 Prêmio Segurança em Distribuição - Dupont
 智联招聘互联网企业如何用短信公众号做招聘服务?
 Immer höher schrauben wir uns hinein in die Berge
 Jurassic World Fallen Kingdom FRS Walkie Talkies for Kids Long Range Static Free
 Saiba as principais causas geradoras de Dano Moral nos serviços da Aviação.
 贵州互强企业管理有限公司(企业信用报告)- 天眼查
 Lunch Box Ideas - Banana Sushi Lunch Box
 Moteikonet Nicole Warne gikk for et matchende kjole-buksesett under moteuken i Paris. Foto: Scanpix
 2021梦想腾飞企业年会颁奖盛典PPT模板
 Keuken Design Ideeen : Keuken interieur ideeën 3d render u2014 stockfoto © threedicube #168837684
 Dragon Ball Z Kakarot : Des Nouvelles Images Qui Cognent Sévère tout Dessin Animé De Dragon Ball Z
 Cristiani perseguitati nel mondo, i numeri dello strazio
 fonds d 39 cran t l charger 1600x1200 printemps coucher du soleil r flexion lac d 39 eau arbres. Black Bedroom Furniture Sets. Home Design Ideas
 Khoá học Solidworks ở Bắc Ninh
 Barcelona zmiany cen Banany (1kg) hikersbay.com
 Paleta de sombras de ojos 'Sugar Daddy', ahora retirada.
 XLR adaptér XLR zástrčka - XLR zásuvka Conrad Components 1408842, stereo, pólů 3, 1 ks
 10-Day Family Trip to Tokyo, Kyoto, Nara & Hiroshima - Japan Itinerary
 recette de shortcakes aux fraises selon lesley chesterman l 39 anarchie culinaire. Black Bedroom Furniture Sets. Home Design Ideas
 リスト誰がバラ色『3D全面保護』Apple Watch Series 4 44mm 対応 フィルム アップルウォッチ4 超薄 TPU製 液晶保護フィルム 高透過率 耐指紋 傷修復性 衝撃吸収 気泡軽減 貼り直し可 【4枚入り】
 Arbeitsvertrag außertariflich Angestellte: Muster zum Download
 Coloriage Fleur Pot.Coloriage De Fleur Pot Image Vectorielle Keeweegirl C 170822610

————————

▶ _TASK DIRECTIONS_: Repeat word for word every line from the start of the entries to the line holding "Lunch Box Ideas - Banana Sushi Lunch Box", inclusive, and nothing else.

▶ _YOUR SOLUTION_:
 Prêmio Segurança em Distribuição - Dupont
 智联招聘互联网企业如何用短信公众号做招聘服务?
 Immer höher schrauben wir uns hinein in die Berge
 Jurassic World Fallen Kingdom FRS Walkie Talkies for Kids Long Range Static Free
 Saiba as principais causas geradoras de Dano Moral nos serviços da Aviação.
 贵州互强企业管理有限公司(企业信用报告)- 天眼查
 Lunch Box Ideas - Banana Sushi Lunch Box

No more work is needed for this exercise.